# CC2017 problems using NIK plugins



## ST-EOS (Nov 5, 2016)

I upgraded to Photoshop CC2017 yesterday.  Today when editing an image in PSCC2017 having opened the image from LR 2015.7 I now can't seem to get the NIK plugins to work. The NIK suite is still showing in the Filters menu but whilst the chosen plugin opens and seems to work a new layer isn't created.
I decided to re install the NIK collection and this seems to have created a bigger issue. After the re installation of the plug in suite.  I now get this message when trying to use the define or colour effects NIK filters
Any thought or suggestions to overcome the issue?


----------



## Gnits (Nov 5, 2016)

You need to download and re-install Nik Software.

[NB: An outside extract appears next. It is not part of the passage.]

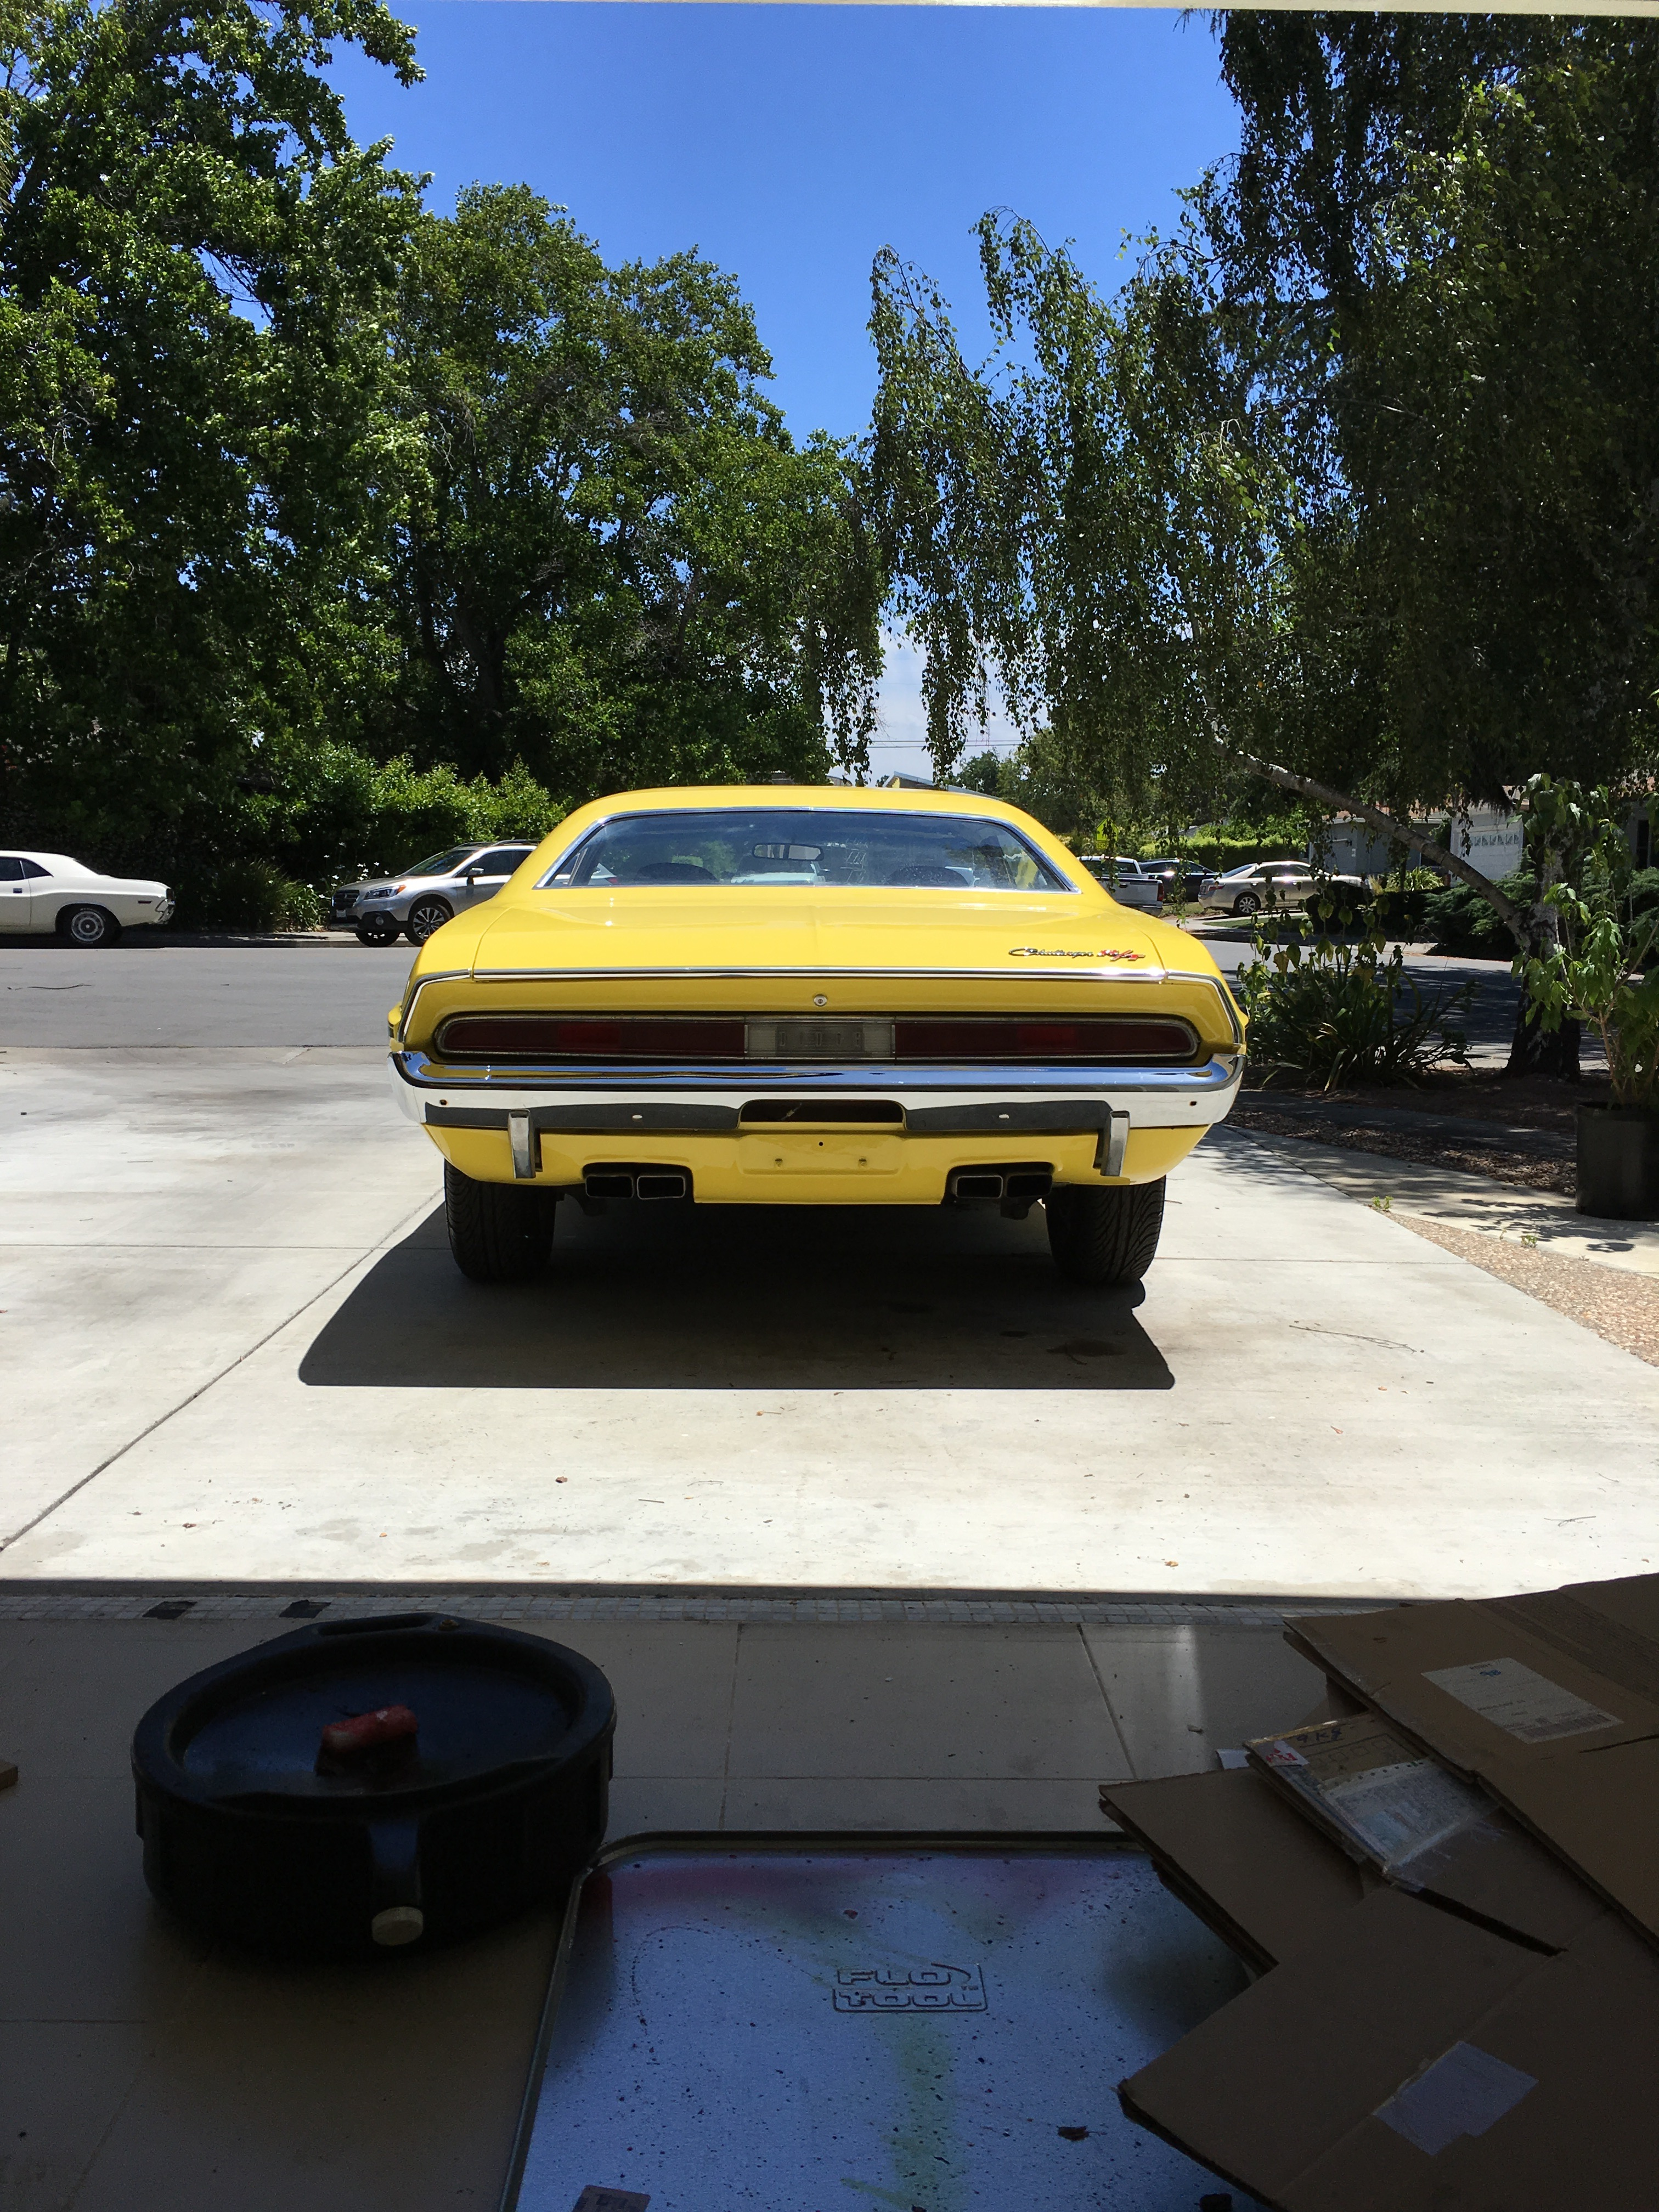 1970 Dodge Charger Rt: 1970 Dodge Challenger R/T 383 Magnum

Make sure that you have quit Photoshop / Lr before re-install.  Also, make sure you start PS CC 2017 as old desktop / toolbar  links etc.... may be pointing to the previous version of Ps.


----------



## Deleted member 39308 (Nov 5, 2016)

Did you keep Photoshop CC 2015.5 when you installed CC 2017? If so just copy the plugins folder across from CC2015.5 to CC2017.


----------



## ST-EOS (Nov 5, 2016)

Thanks both, I've now overcome the issue by powering down the PC restarting and reinstalling the NIK suite. Thanks again for taking time to help out, much appreciated.


----------



## Samoreen (Nov 5, 2016)

Hi,

If a disk error disappears after powering down and rebooting the system, you could assume that it is neither a Nik Software or Photoshop or Windows error. You should quickly make a backup of that disk and prepare for a replacement. Just in case...


----------